Bangladesh’s forex reserves top $24 billion mark again

Bangladesh’s foreign exchange reserves have once again gone past $24 billion.

Abdur Rahim Badalbdnews24.com
Published : 9 June 2015, 08:47 PM
Updated : 9 June 2015, 08:47 PM

The reserves crossed the mark at the end of Tuesday, Bangladesh Bank’s Forex Reserves and Treasury Management Department General Manager Kazi Sayedur Rahman said.
 
Bangladesh will be able to pay import costs for up to seven months with this amount.
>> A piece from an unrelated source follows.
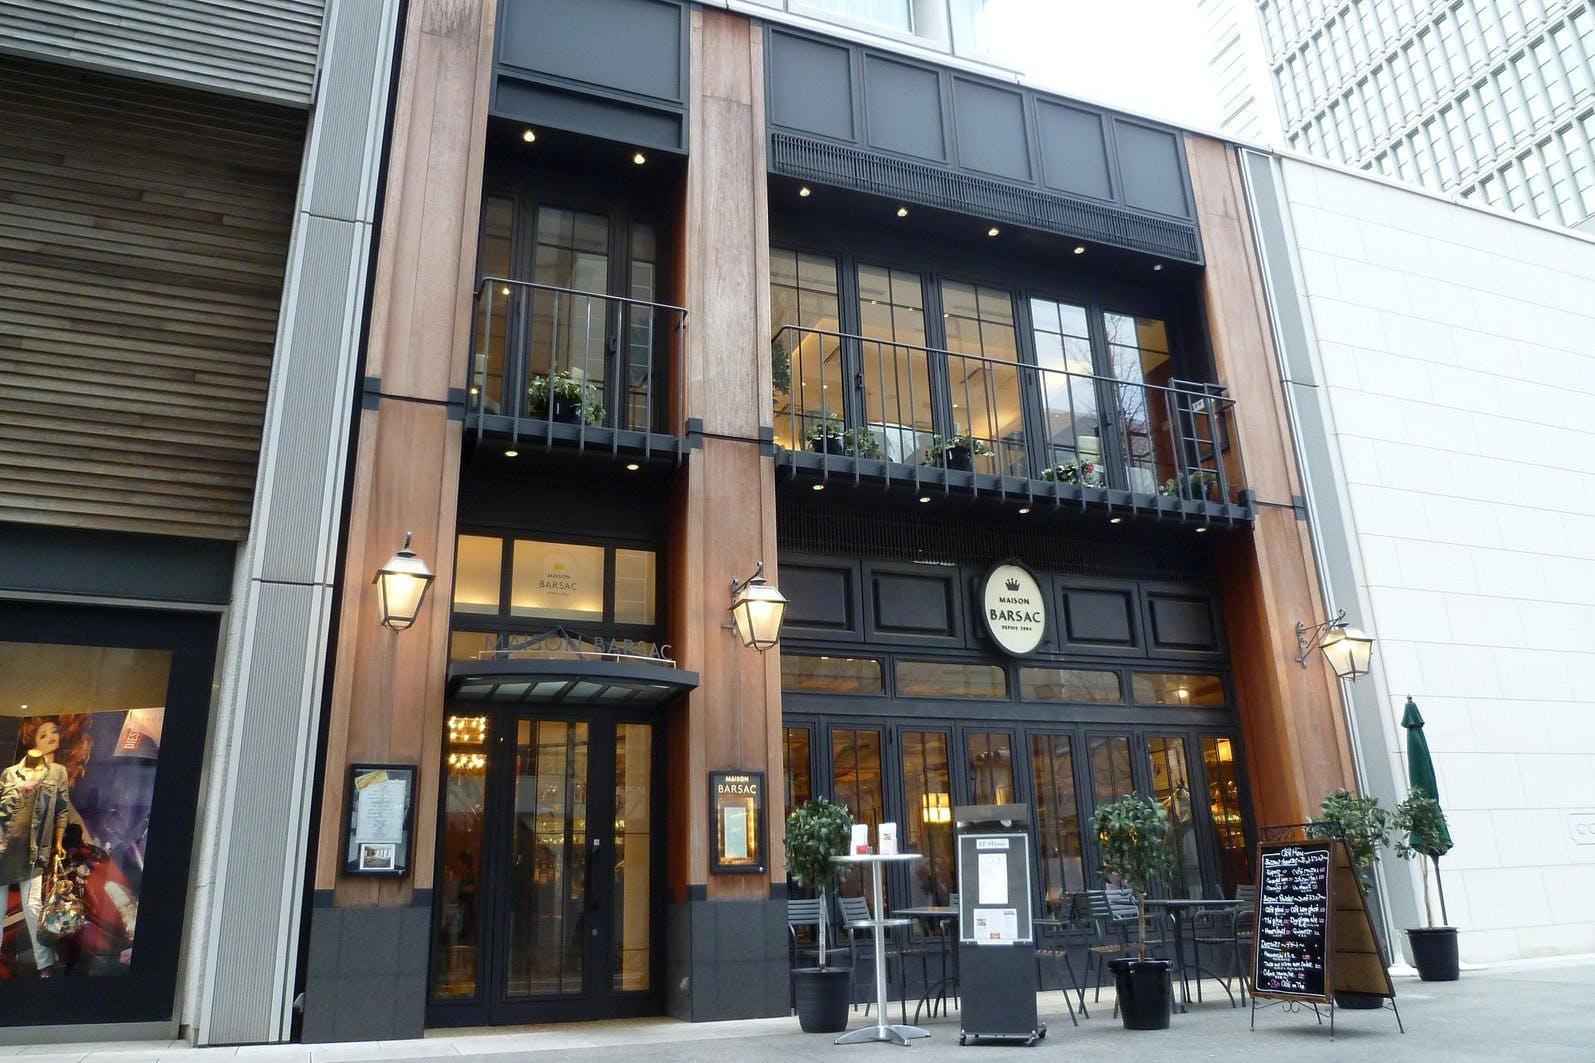 French & Cafe Maison Barsac (メゾン バルサック)【1F】

Rahman said export earnings and remittance put the foreign exchange reserves on a strong ground.
 
He also said Bangladesh had to spent less to buy oil as prices of oil dropped in the global market.
 
“It also helped the rise in the reserves,” he said.
 
According to the central bank, the reserves was $20.1 billion on Apr 22 last year.
 
On Apr 29 this year, the reserves topoed the $24 billion mark for the first time.
 
But they dropped again in the first week of May after Bangladesh Bank cleared 41.1 billion import payments to Asian Clearing Union (ACU) for March-April period.
 
ACU’s payments for June-May period will have to be cleared in the first week of July.
 
Rahman said the reserves would stay over the $24 billion mark until then.
 
In the first 11 months (July-May) of the 2014-15 fiscal year, expatriates remitted around $13.875 billion. The amount was 7.21 percent higher than the same period previous year.
 
According to the Export Promotion Bureau (EPB), export earnings rose by three percent in July-May period of 2014-15 fiscal year from the previous year.
 
Reserves crossed $22 billion mark for the first time on Aug 7 last year. It had dropped due to the clearance of payments to ACU.
 
The reserves were $10 billion on Dec 10, 2009 and reached $15 billion in April 2013.
 
They crossed the $20 billion mark in April last year.
 
In line with international standard, a country has to have enough reserves to be able to pay import costs for three months.

ACU’s payment needs to be cleared every two months.